To complement learnings from the survey and executive interviews, we reviewed an extensive selection of relevant documents. Over the course of 2019 and 2020, more than 300 documents were reviewed, including 75+ corporate social responsibility and sustainability reports, 100+ news articles, 75+ journal articles and research reports, and 25+ industry reports. News sources and relevant journal articles were collected using key phrases related to our research, such as “carbon emissions”, “supply chain management”, “sustainability”, and “child labor”, to identify relevant documents in aggregate news sources such as Factiva and Google News. A representative sample of industry CSR reports were selectively sampled. Industry reports were reviewed from key universities, organizations, and industry associations in the field. The content was organized into a timeline, based on relevance to the different survey metrics, and visualized as treemap diagram. The treemap diagrams were created using 400 news articles published in 2020. Articles were identified using Google News search with the top 400 articles extracted based on the Google News search relevance setting. Noun and adjective words were extracted from the title and text snippet Google News generates for each article. The search term, and misclassified or filler words (e.g., “such” and “other”) were removed. The treemap diagrams are a plot of the relative word frequency within the articles A treemap diagram illustrating word frequency when searching for “supply chain” articles can be seen in Figure 24.
Table 8: Industry makeup of interviewees. N = 21.
Figure 24: A treemap diagram illustrating the frequency of words found in the top 400 articles extracted from Google News when searching “supply chain” in 2020. N = 400.
Appendix B: Limitations
This section will detail the general limitations of our analysis and the key issues we encountered in our data cleaning process.
Responder Bias & Self Selection Responses
In addition, the sample of responses may lean toward respondents who are more involved with sustainability given their ability to fully answer the questions. This may result in more positive results, representing the inputs of individuals who are involved in sustainability and not representing those who are less involved.

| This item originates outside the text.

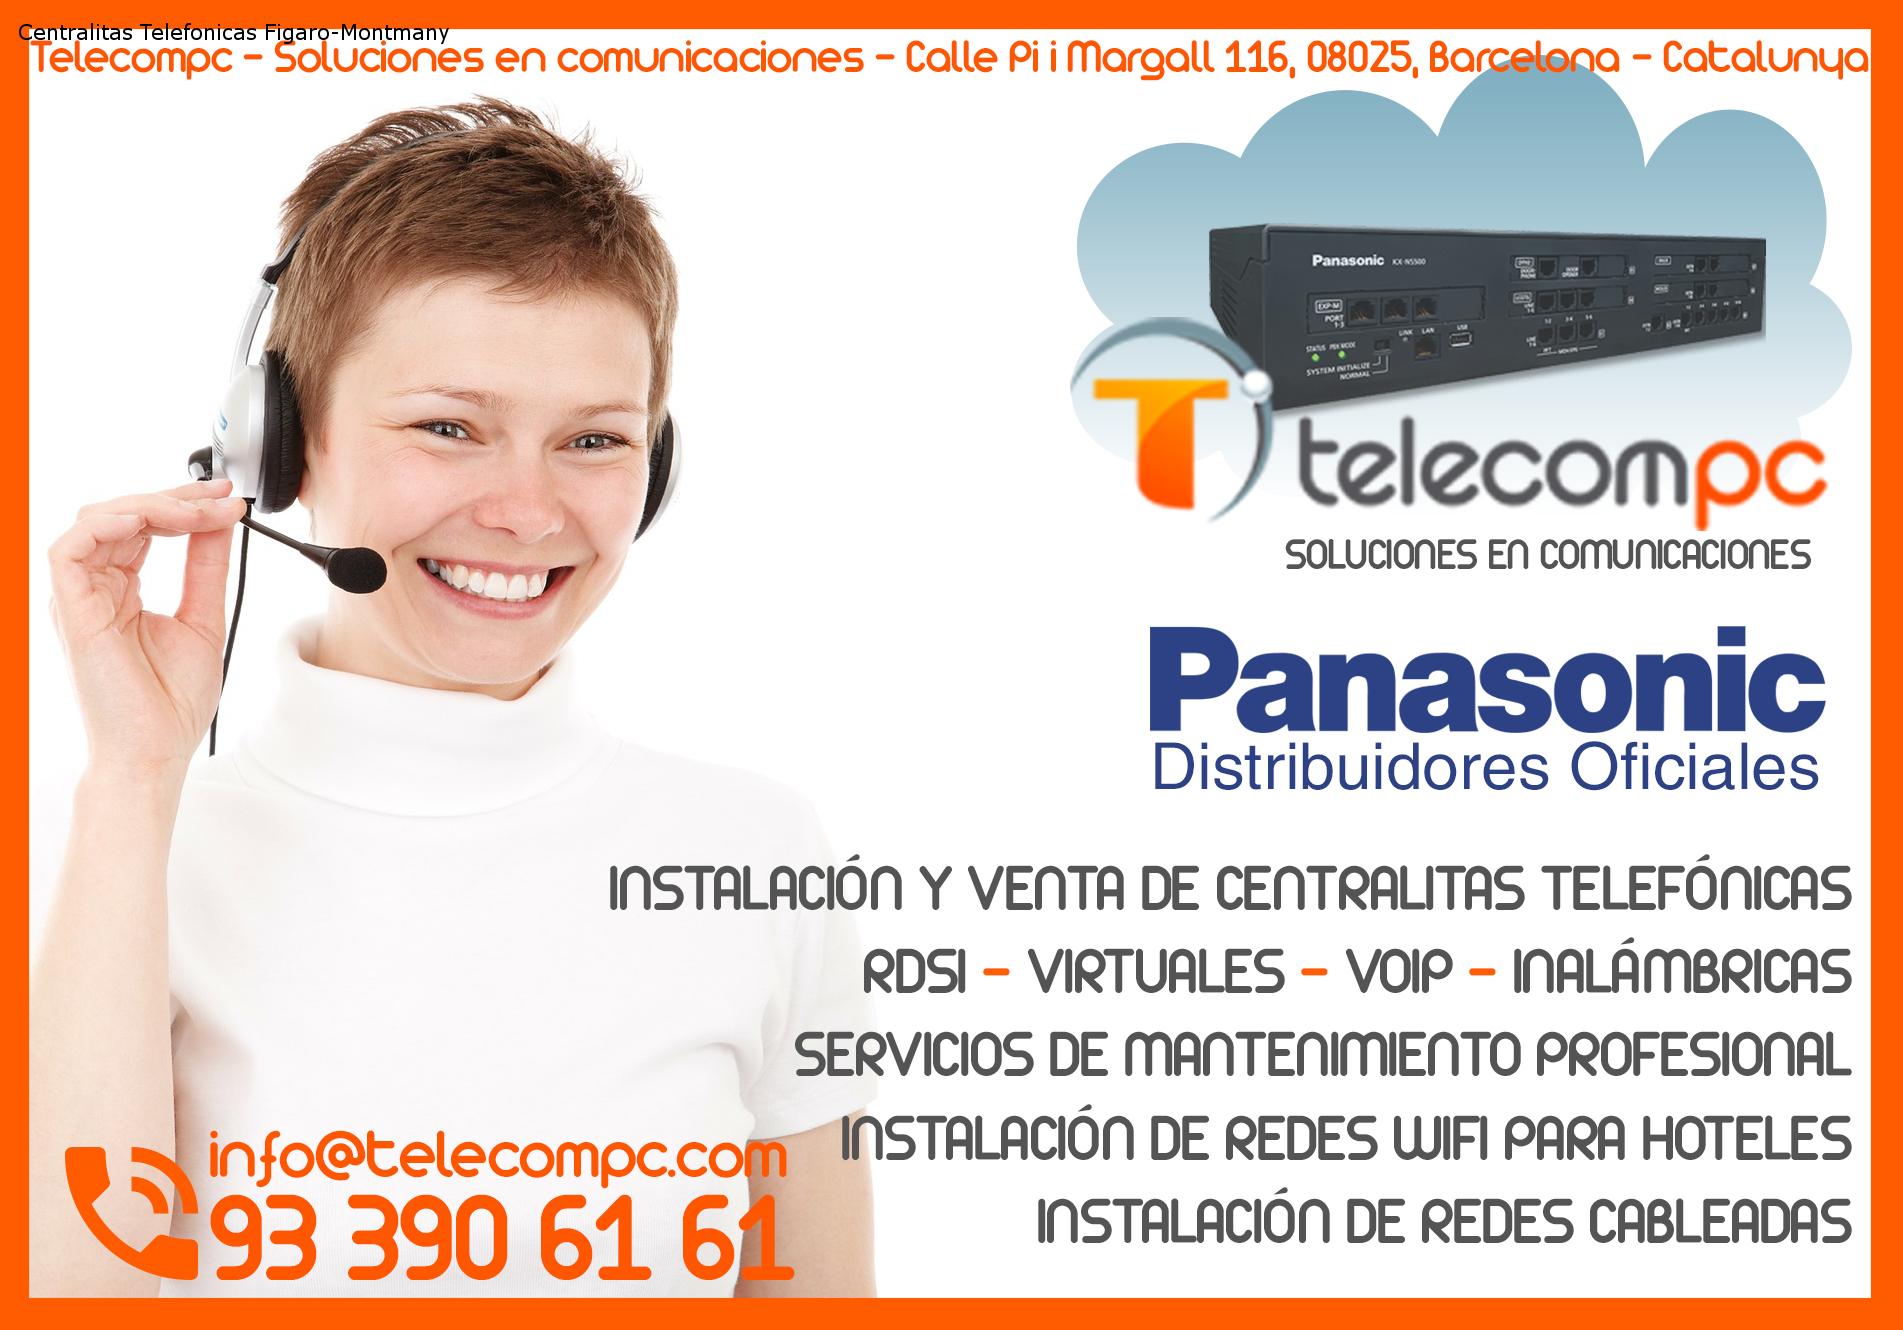 Centralitas Telefonicas Figaro-Montmany

The anonymity of the survey helps reduce the impacts of responder bias and self-selection by removing attribution. There is less pressure by a responder to report positively, as there is no personal benefit.
Questions regarding company headquarters location, department affiliation, and industry type allowed respondents to manually enter an answer. To include this data in our analysis, a decision had to made to recategorize these entries into a parent category. Given the ambiguity of some manual entries a best guess effort was made that may not be fully representative of the intent of the original response.